Innovation Park is the location of the National High Magnetic Field Laboratory, the Applied Superconductivity Center, Danfoss Turbocor and related advanced research facilities. The Leon County Research and Development Authority's Innovation Park is located near the campuses of Florida State University, Florida A&M University and Tallahassee Community College in Tallahassee, Florida.

Innovation Park is located slightly southwest of downtown Tallahassee.

== The Park ==
Innovation Park was created in 1978 and is overseen by the Leon County Research and Development Authority (The Authority) The Authority is governed by a Board of Governors composed of prominent academic, business and community leaders who work together to facilitate growth and development of research into high-tech businesses in Innovation Park. There are currently 1900 jobs in Innovation Park.

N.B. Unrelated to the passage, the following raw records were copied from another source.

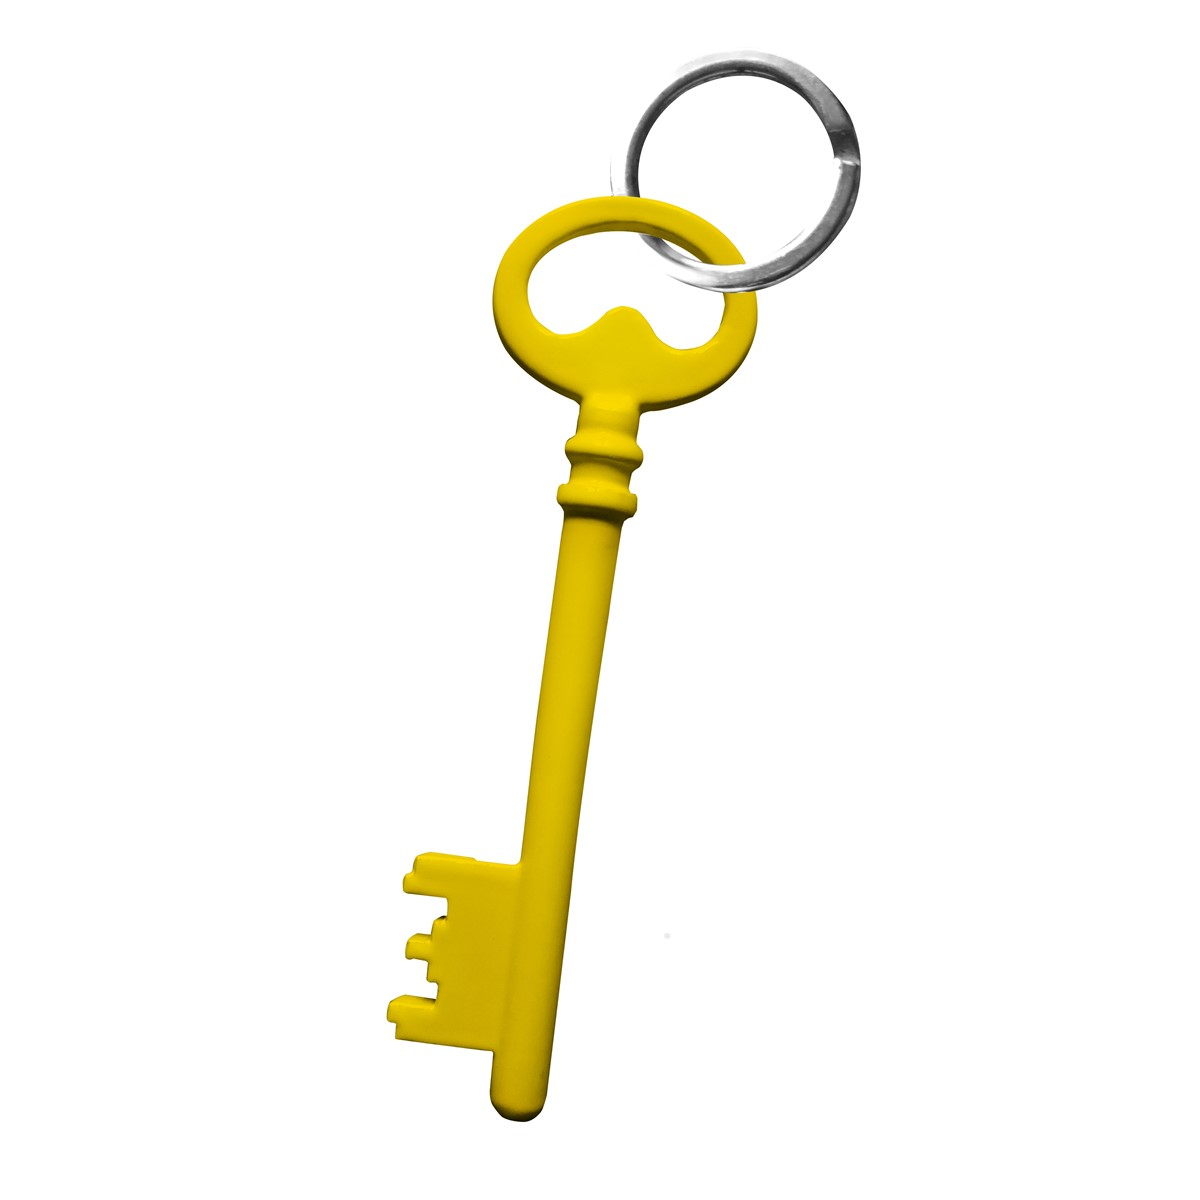 Porte clefs en acier jaune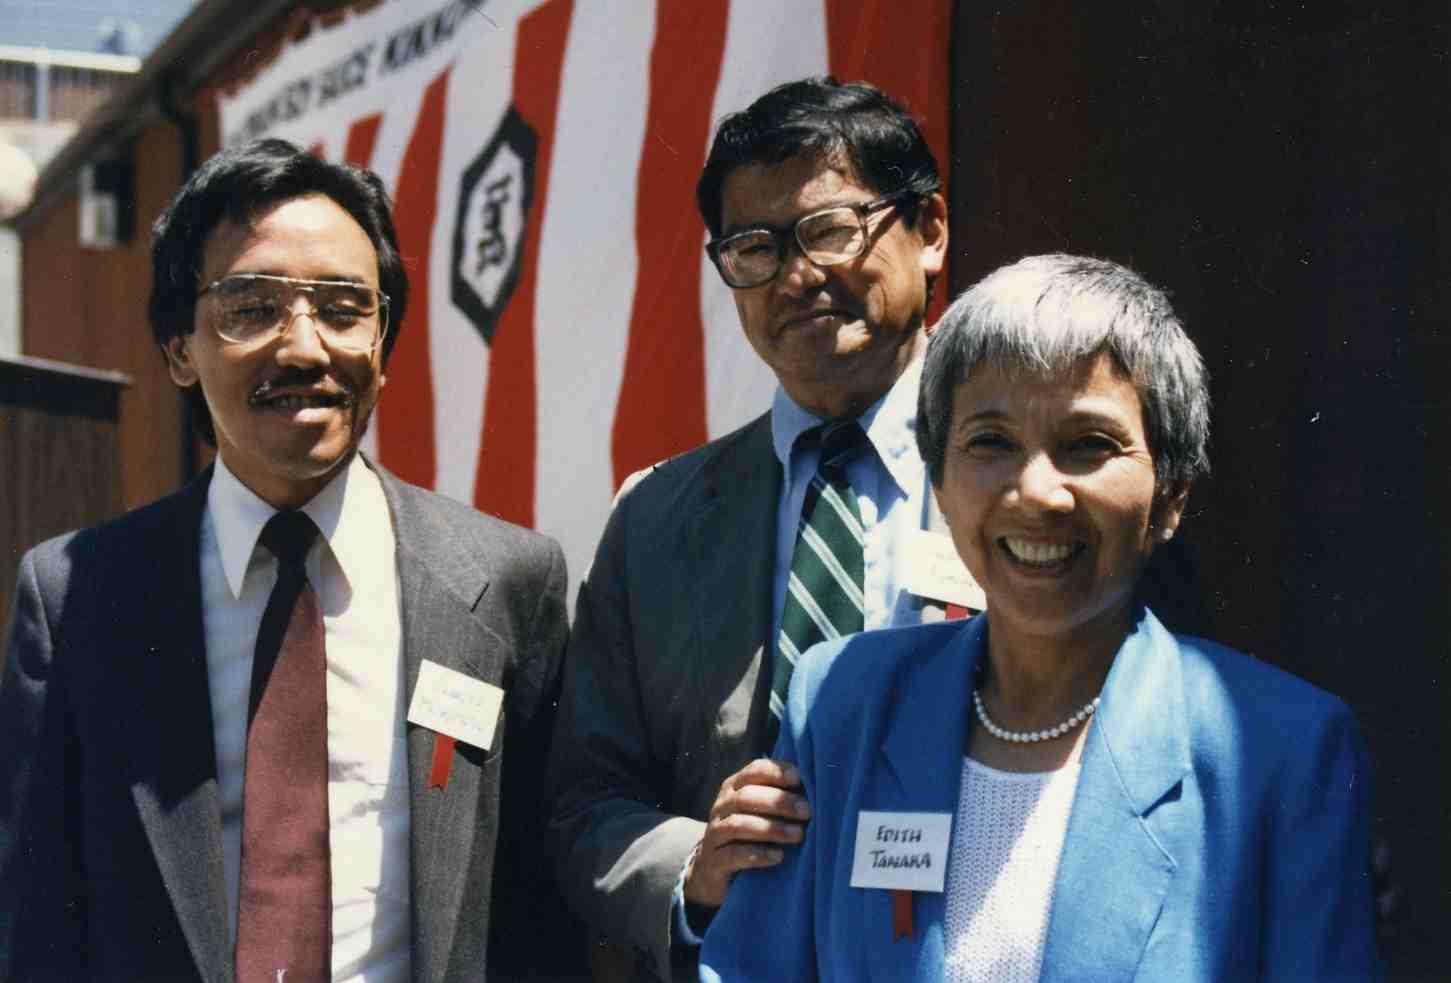 Honorees Edith Tanaka and Nob Fukuda with former JCCCNC Executive Director Charlie Morimoto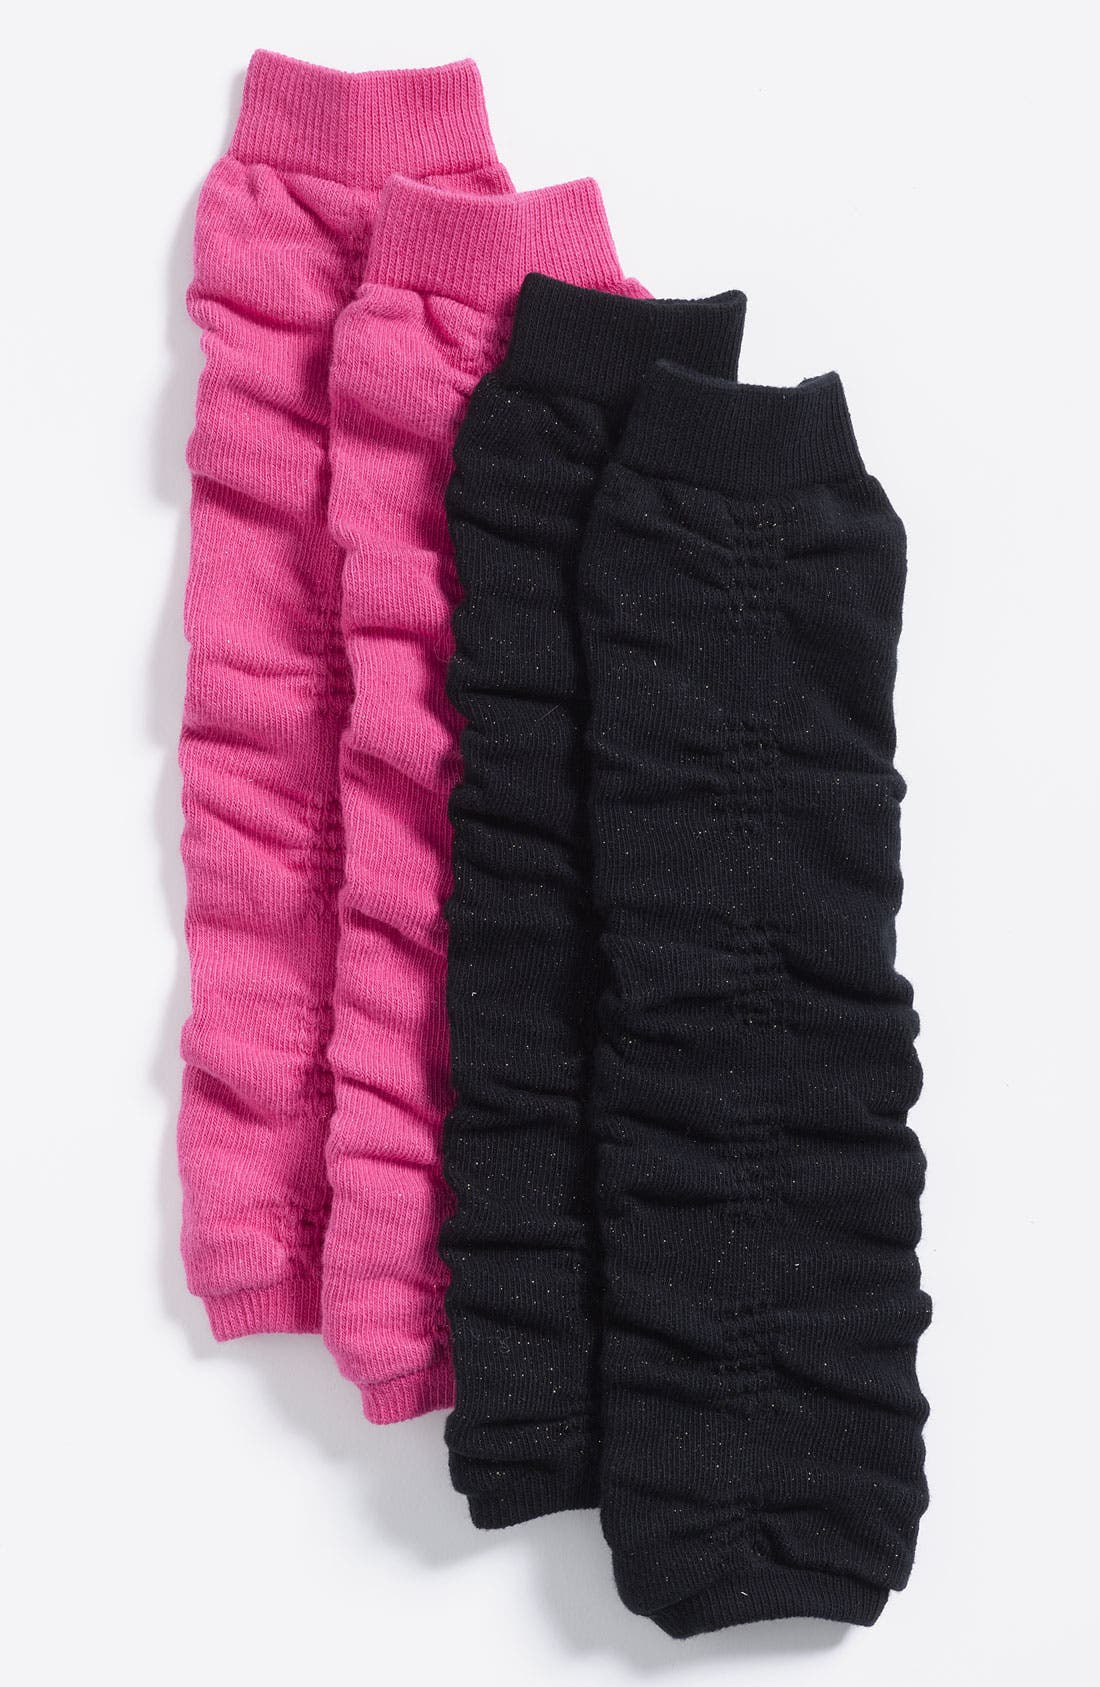 Alternate Image 1 Selected - Nordstrom Leg Warmers (2-Pack) (Girls)

Sitting on 208 acres of woods, Innovation Park features 17 buildings; 9 of which are owned by Florida State University, 1 is owned by Florida A&M University and The Authority owns 5. The other buildings are privately owned. The research park also includes the Florida A&M University Small business development center, which assists entrepreneurs from the beginning stages of the growth of their dream. From evaluating business ideas, to developing a business plan, to exploring financing options, the Small Business development center is a strategic partner, from step one, all the way up the ladder of success.
Innovation Park sits next to the FAMU-FSU College of Engineering. However, no classrooms are permitted on Innovation Park property. The park currently has 7.3 acres of undeveloped land that can be leased for development.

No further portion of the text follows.